Much more on this topic can be found here at econospeak.

Tuesday, September 15, 2009

J.M.Keynes on The Long Term Problem of Full Employment

This has been posted again and again by the good folks at econospeak and I will do my part to try to disseminate the "memo."

THE LONG-TERM PROBLEM OF FULL EMPLOYMENT

J.M. Keynes (May 1943):

1. It seems to be agreed today that the maintenance of a satisfactory level of employment depends on keeping total expenditure (consumption plus investment) at the optimum figure, namely that which generates a volume of incomes corresponding to what is earned by all sections of the community when employment is at the desired level.

2. At any given level and distribution of incomes the social habits and opportunities of the community, influenced (as it may be) by the form and weight of taxation and other deliberate policies and propaganda, lead them to spend a certain proportion of these incomes and to save the balance.
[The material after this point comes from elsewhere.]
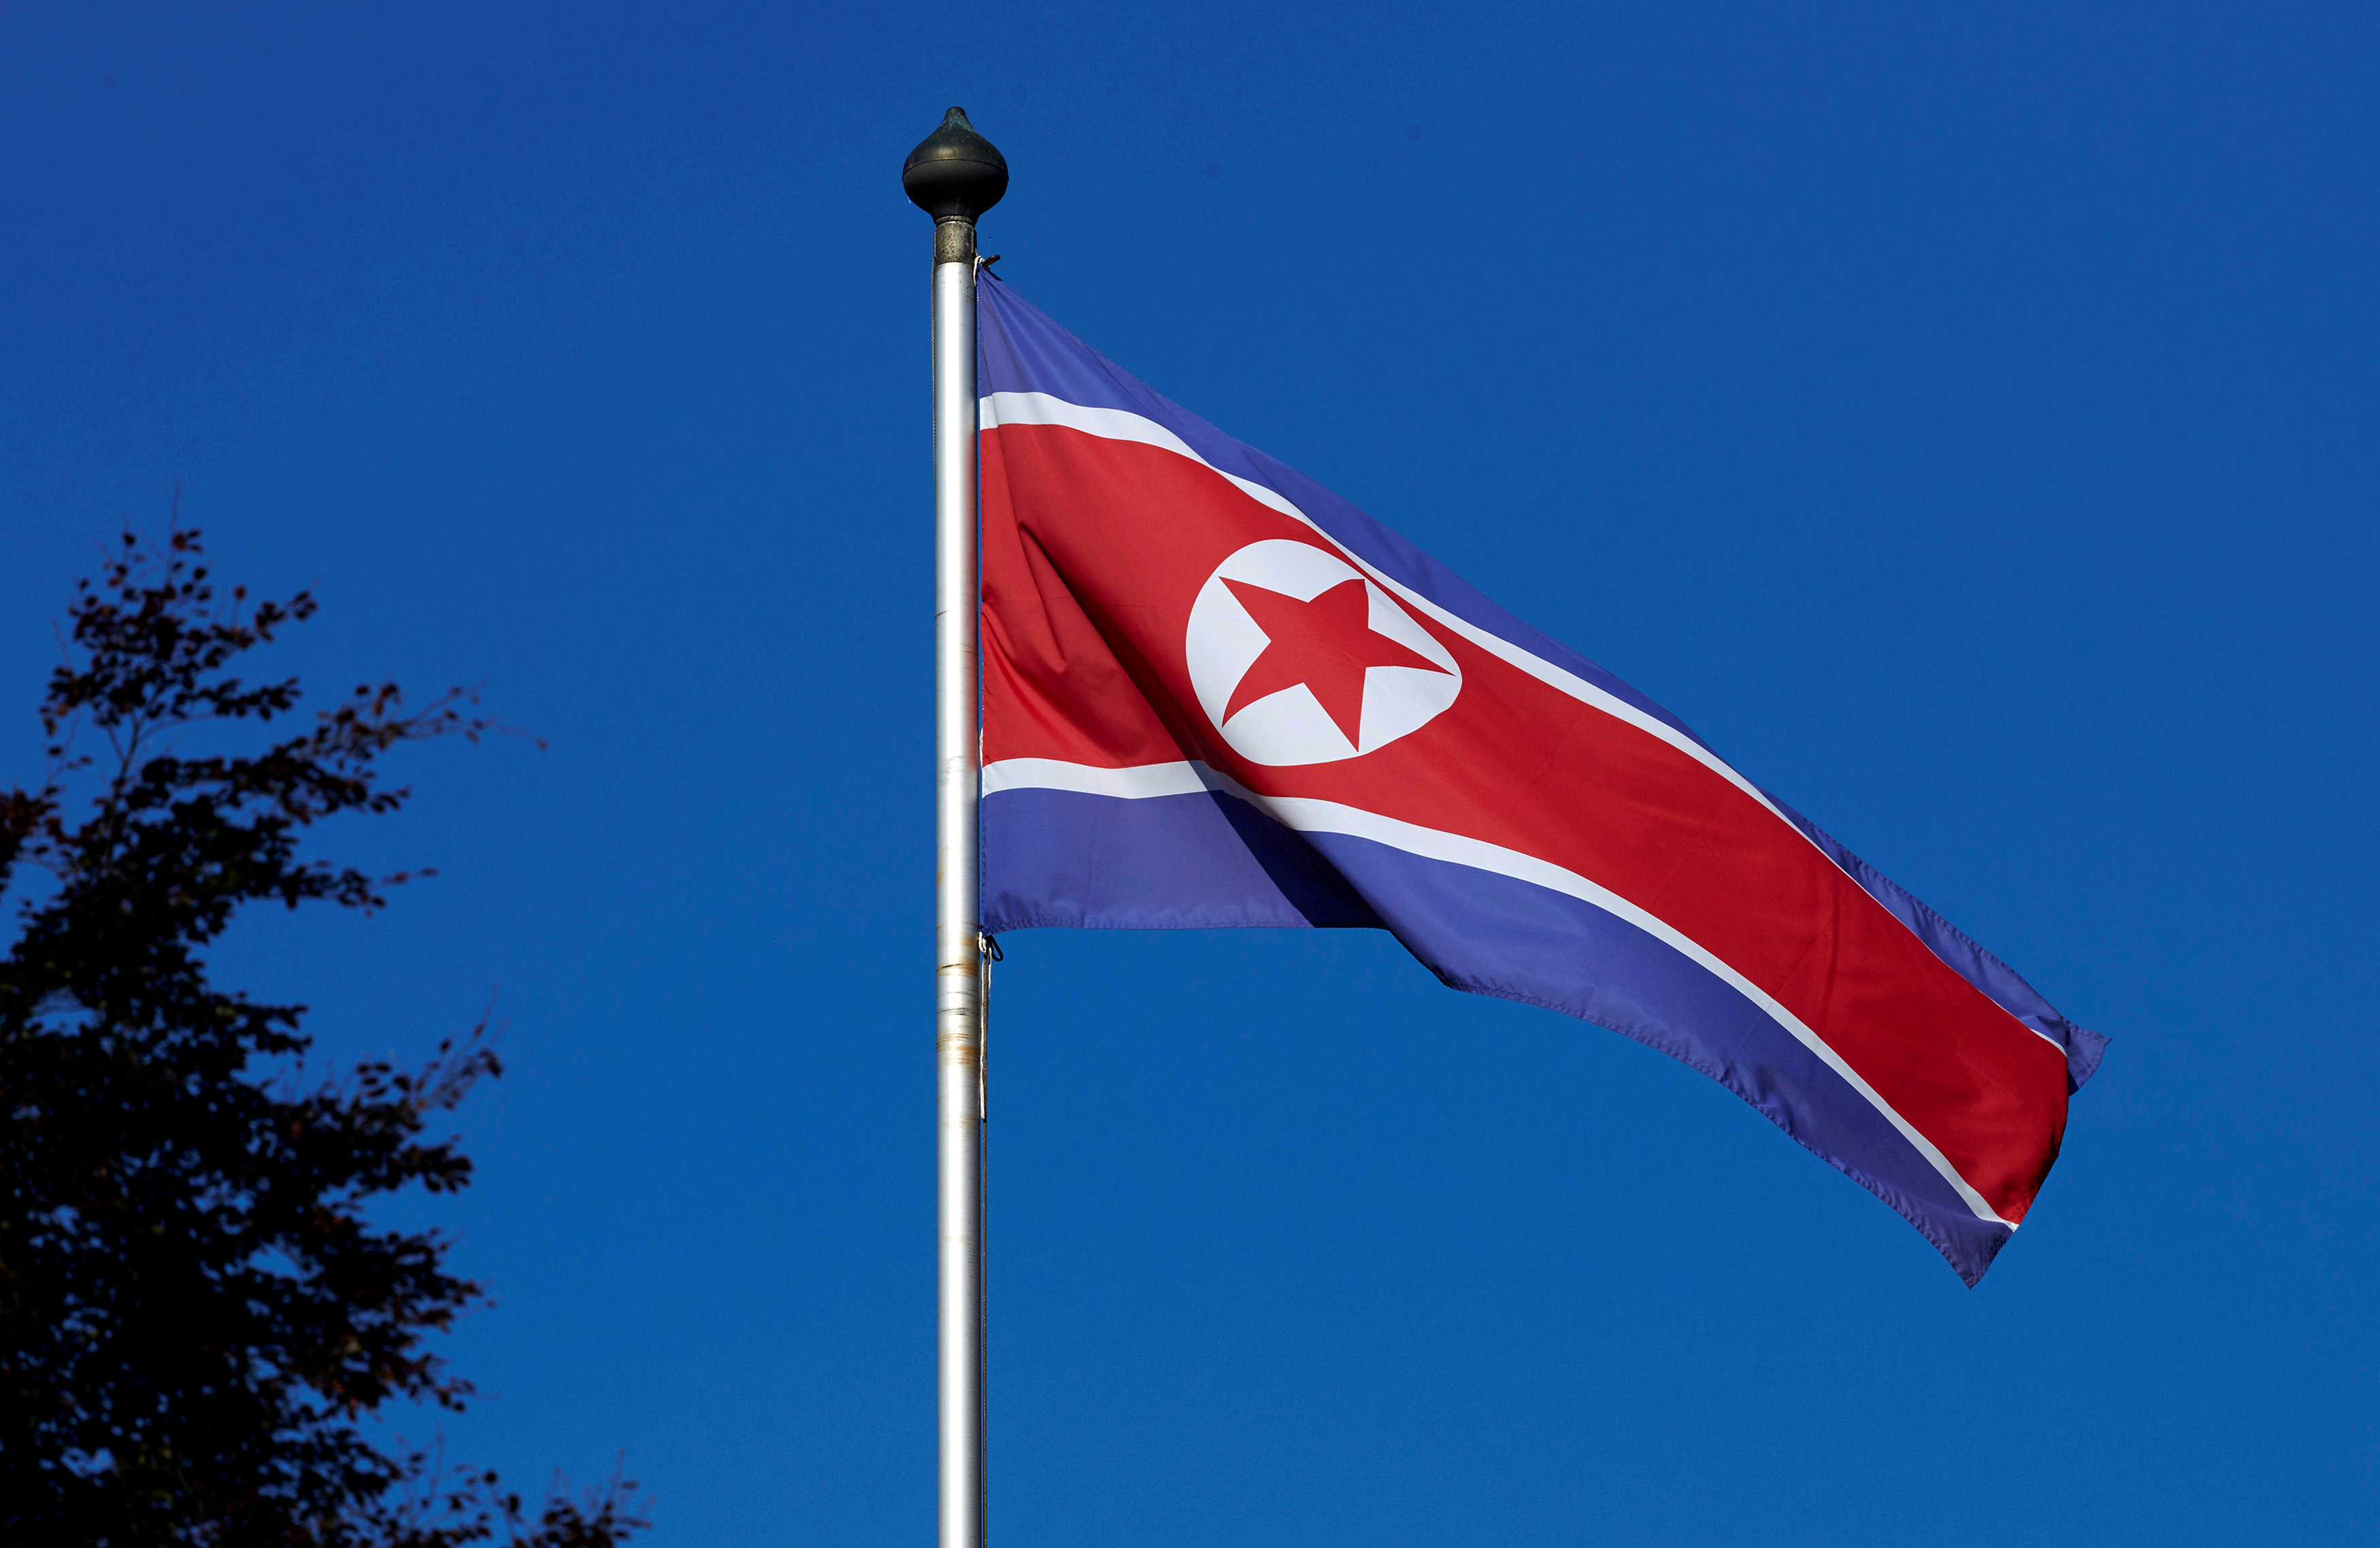 Η Βόρειος Κορέα συνεχάρη τον Μακρόν για την εκλογή του

3. The problem of maintaining full employment is, therefore, the problem of ensuring that the scale of investment should be equal to the savings which may be expected to emerge under the above various influences when employment, and therefore incomes, are at the desired level. Let us call this the indicated level of savings.

4. After the war there are likely to ensure [sic] three phases-
(i) when the inducement to invest is likely to lead, if unchecked, to a volume of investment greater than the indicated level of savings in the absence of rationing and other controls;
(ii) when the urgently necessary investment is no longer greater than the indicated level of savings in conditions of freedom, but it still capable of being adjusted to the indicated level by deliberately encouraging or expediting less urgent, but nevertheless useful, investment;
(iii) when investment demand is so far saturated that it cannot be brought up to the indicated level of savings without embarking upon wasteful and unnecessary enterprises.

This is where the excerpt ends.